Germany loses its shot at the World Cup, and a distraught Helmut Kohl appears on television to empathize with his disappointed nation. Vacationers at spa towns on the northern coast find him pressing the flesh. The German Chancellor is on the stump again, fighting for a fifth term in office.
But as Sept. 27 general elections approach, it's clear that after 16 years, voters are tired of seeing the same face. The Christian Democratic Union (CDU) and its partner, the Christian Socialist Union (CSU), have 37% support in the polls, trailing the 41% held by the Social Democratic Party (SPD) and its candidate, Gerhard Schroder. If the trend keeps up, Schroder will be able to form a government with the Green party, which commands 6% in polls, and to control both houses of the legislature--divided since 1990.

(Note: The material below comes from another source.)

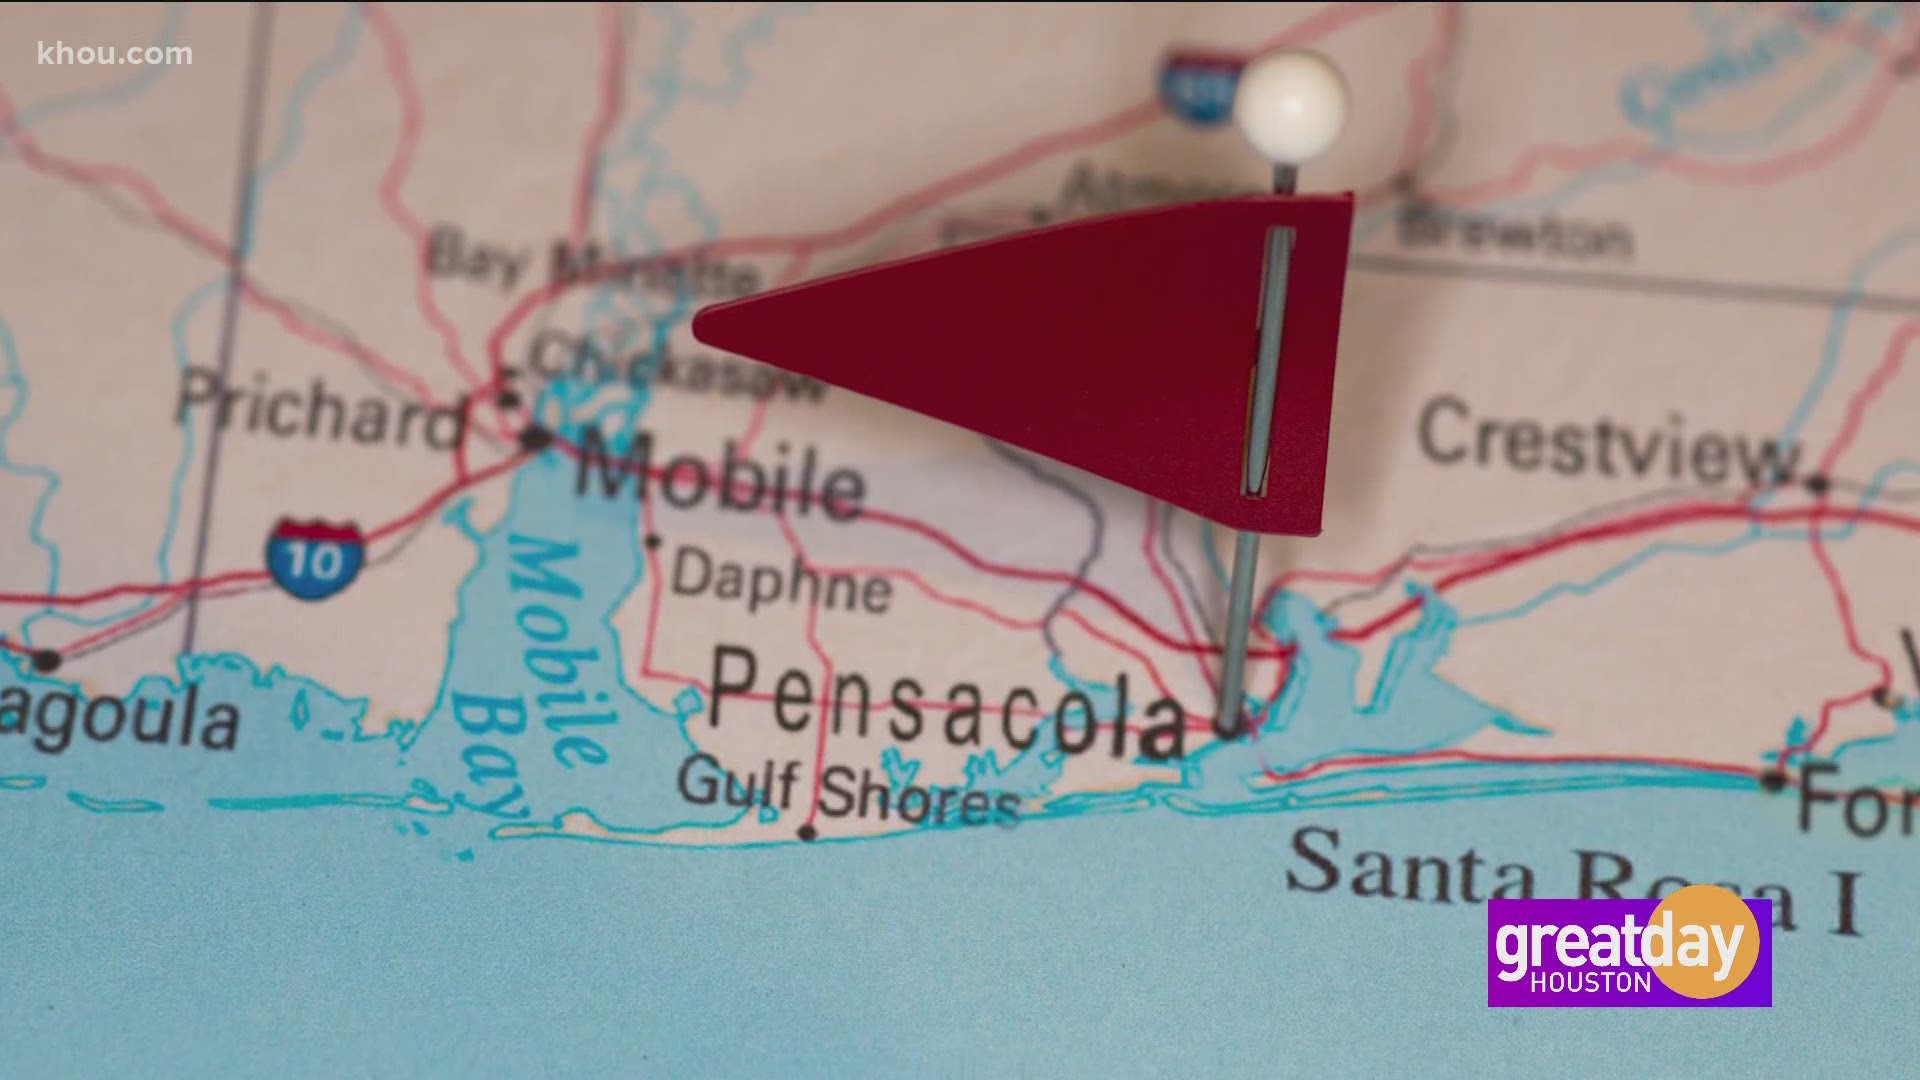 Nicole Stacey shares why now is the perfect time to visit the beautiful beaches in Pensacola

THE BEST BET. That's bad news for business. Over the past four years, German companies have streamlined radically to battle global rivals and get ready for the tougher competition in Europe as monetary union approaches. But they struggle with high taxes and wage costs that the ruling coalition has failed to attack aggressively. Yet most executives still think Kohl's coalition is their best bet. "Any other would slow or block reforms," says Hans-Olaf Henkel, head of the Federation of German Industries.
Trouble is, Kohl's long tenure means his chances of making an 11th-hour comeback, as he did in 1994, look slim. So executives are uneasily eyeing two potential alternatives: a Socialist-Green coalition or, if those parties don't command a majority, a so-called grand coalition between the SPD and the CDU/CSU.
The first job for any new government: tax reform. In January, 1997, the CDU proposed an $18 billion tax reform package that included cutting the top corporate rate to 35%, from 45%. After months of debate, officials of both parties nearly reached a weak compromise. But Oskar Lafontaine, the Socialists' old-fashioned leftist leader, killed it. Schroder has vowed to push through a tax plan if elected.
Tax reform alone, of course, won't ensure German competitiveness and lure foreign investors. Nonwage labor costs still total 80% of each worker's salary. Miles of red tape make new investments, both foreign and domestic, a nightmare. And Germany desperately needs pension-fund reform. But the campaign is being fought on image, not issues.
Although Schroder makes business-friendly noises, an SPD-Green coalition may move swiftly in the wrong direction. Already, CEOs are alarmed by the Socialists' plan to roll back even tiny steps achieved by the current government. The SPD would revoke the 1996 reduction in sick pay to 80% from 100% of salary, for example, and the scheduled drop in pension payouts to 64% of final salary by 2030, from 70% now.
"WHERE'S THE BEEF?" Schroder has tapped a computer entrepreneur with a Harvard MBA, Jost Stollmann, to serve as Economics Minister in his future Cabinet. But that hasn't soothed the business community. "I represent new markets, entrepreneurship, new culture, and new ways of communicating," Stollmann says. But he has come across as a lightweight by insisting that Germany is exaggerating its problems. "He needs to communicate issues and solutions," scoffs Henkel. "Where's the beef?"
It's now a far closer race than last spring, when Schroder seemed a shoo-in. Kohl is hoping that an economic upswing will give his popularity a boost. The economy grew at a seasonally unadjusted annual rate of 3.8% in the first quarter, the strongest since reunification. But Jan Hatzius, economist at Goldman, Sachs & Co. in Frankfurt, estimates that second-quarter seasonally unadjusted economic growth will drop to less than 1.5%--and the announcement will come right before the elections.
With Kohl still trailing in the polls, some business leaders are hoping for a grand coalition between the Socialists and Christian Democrats. Compared with a Socialist-Green government, "many think a grand coalition is the lesser of two evils," says Robert J. Koehler, CEO of SGL Carbon Group in Wiesbaden. One advantage: It could neutralize the Socialists' left wing. But the alliance could get bogged down in infighting, as happened during the last grand coalition in the late 1960s. And after a year or two, the parties will be looking to the next elections and will want to highlight their differences.
With two months to go until the election and at least 40% of voters still undecided, "the outcome is still open," says Stefanie Wahl, political scientist with Bonn's Institute for Economic & Social Research. From the viewpoint of German companies, there may be hope yet.